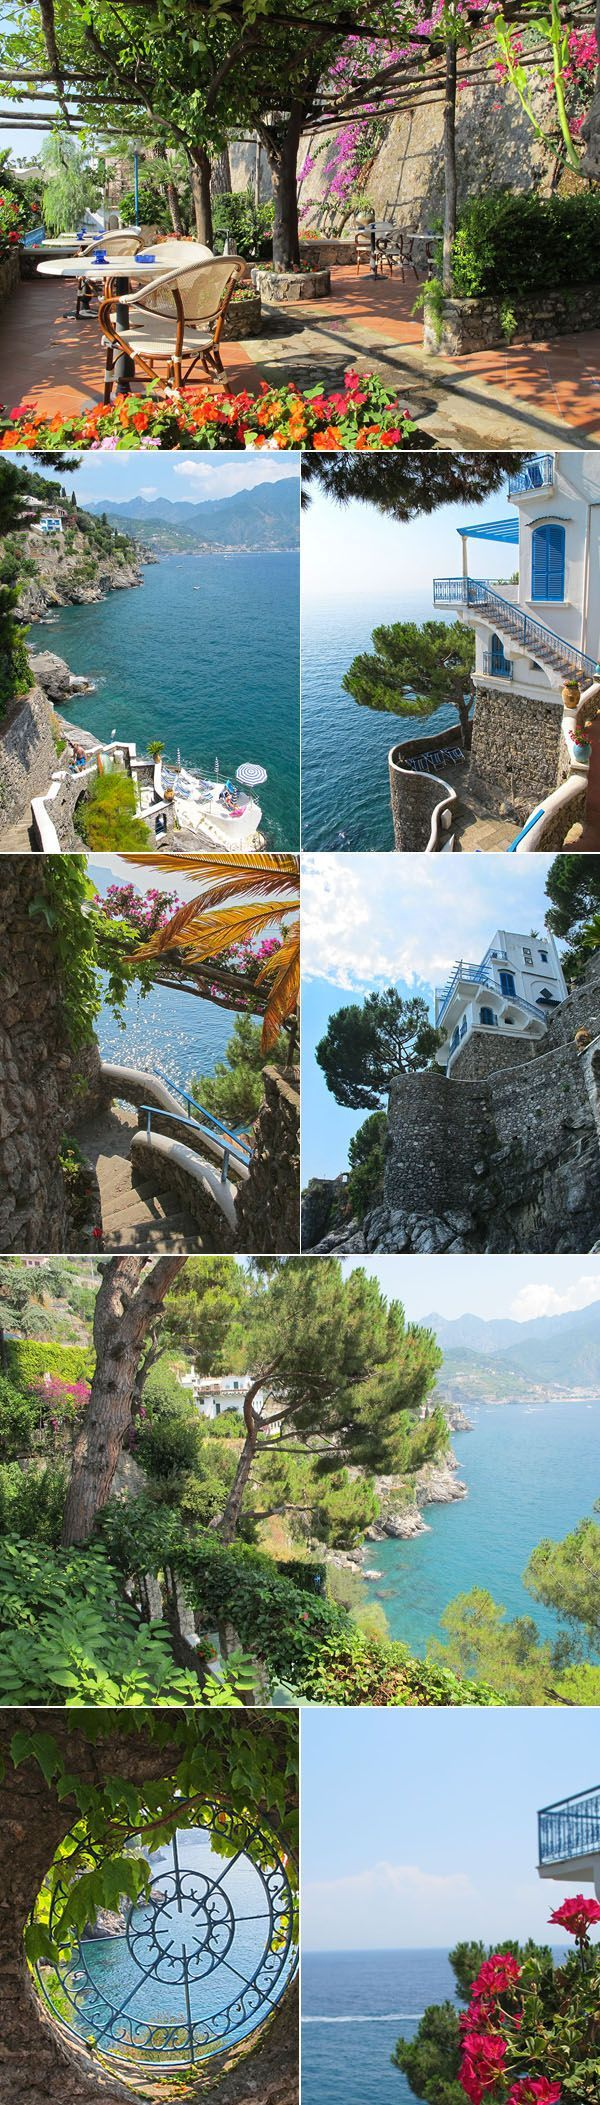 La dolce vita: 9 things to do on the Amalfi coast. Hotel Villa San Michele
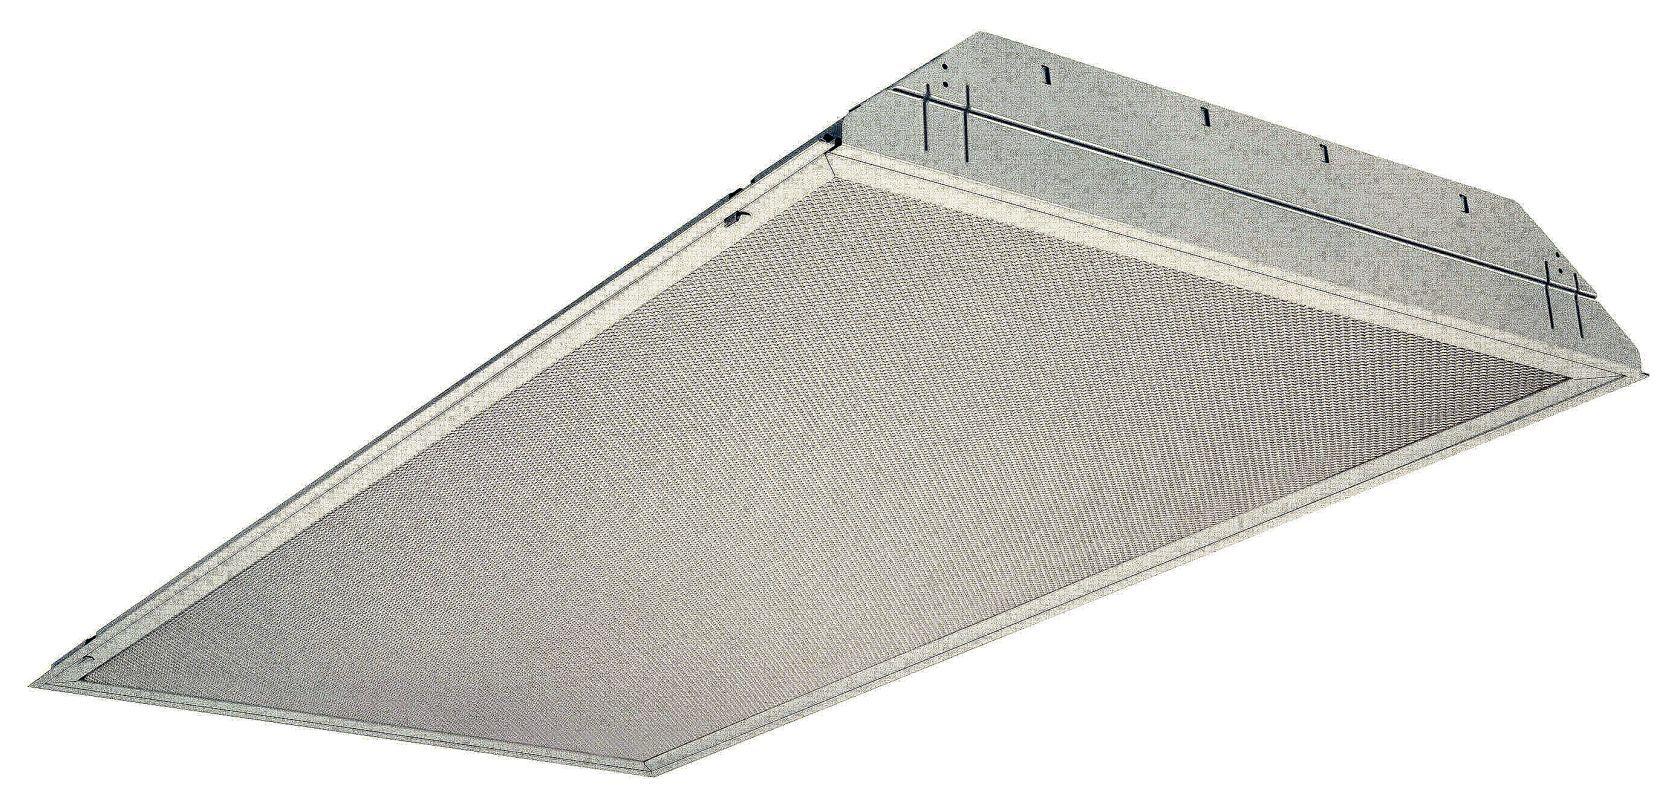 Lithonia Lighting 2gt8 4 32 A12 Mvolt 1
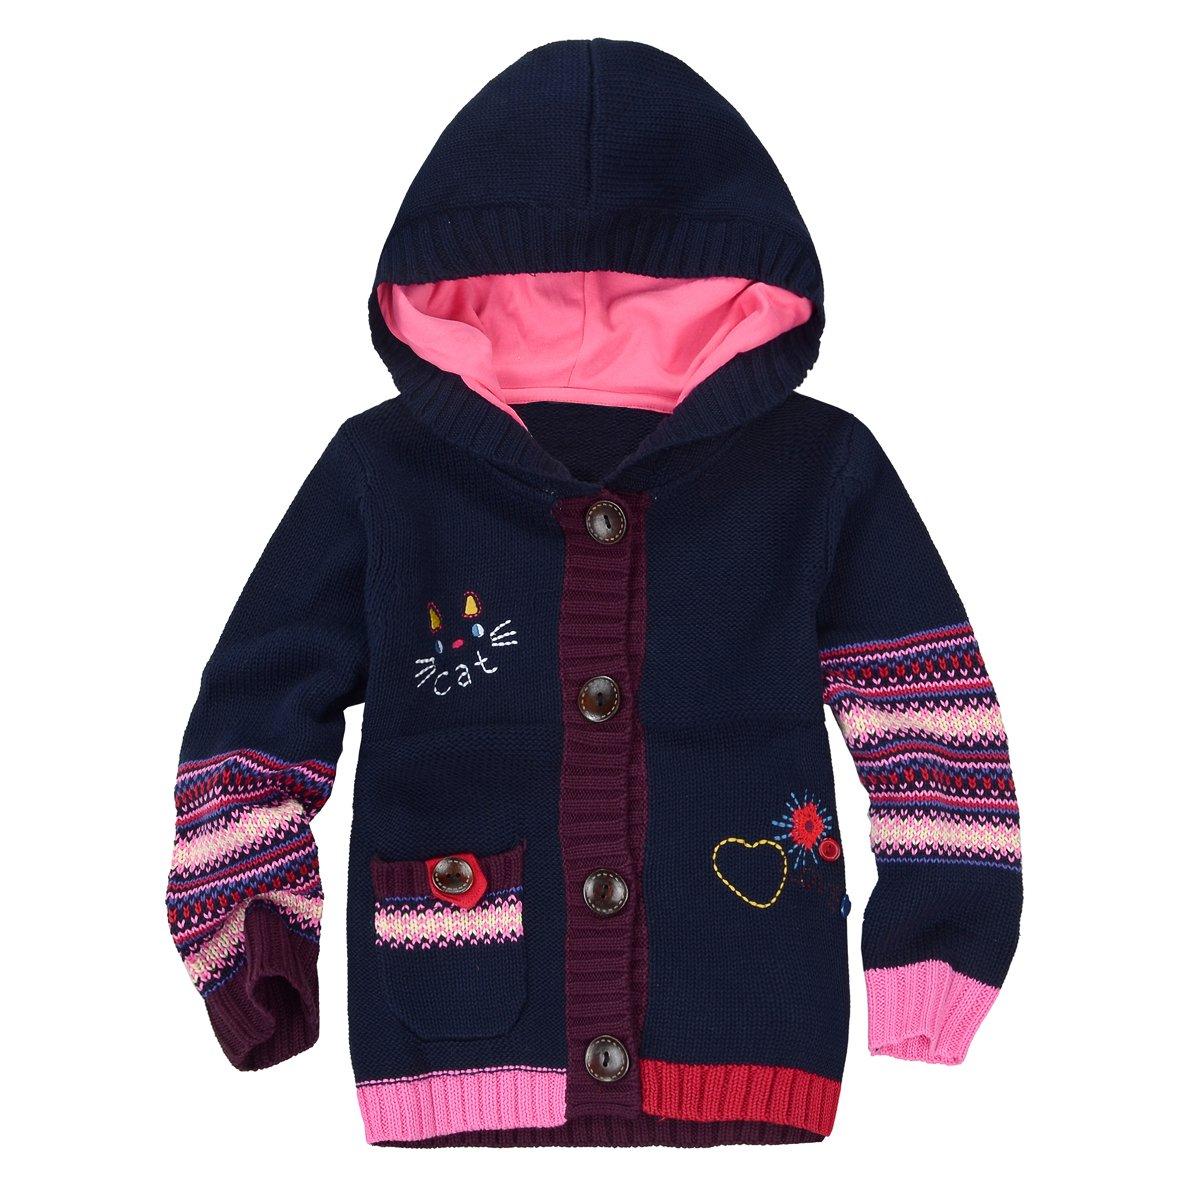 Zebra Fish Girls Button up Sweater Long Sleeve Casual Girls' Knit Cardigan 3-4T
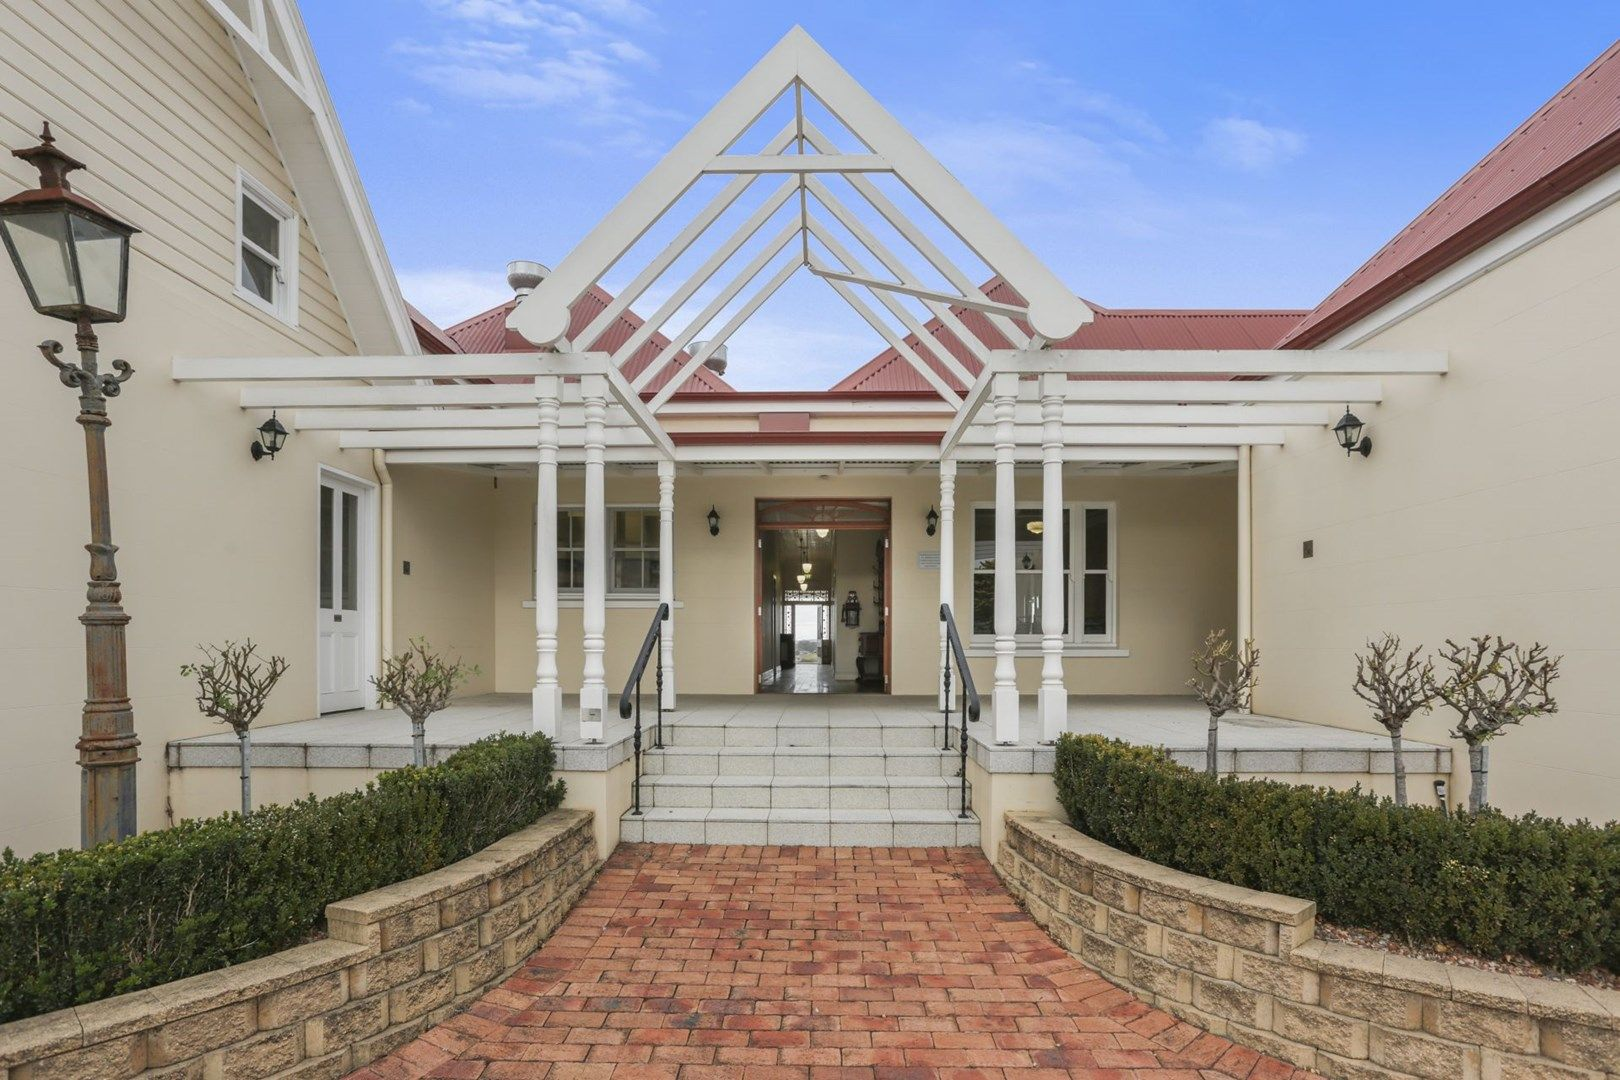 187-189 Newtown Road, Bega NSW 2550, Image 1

> _REQUIRED WORK_:
Please print everything in the material exactly, apart from the pictures.

> _RESULT OF THIS TASK_:
 La dolce vita: 9 things to do on the Amalfi coast. Hotel Villa San Michele
 Lithonia Lighting 2gt8 4 32 A12 Mvolt 1
 Zebra Fish Girls Button up Sweater Long Sleeve Casual Girls' Knit Cardigan 3-4T
 187-189 Newtown Road, Bega NSW 2550, Image 1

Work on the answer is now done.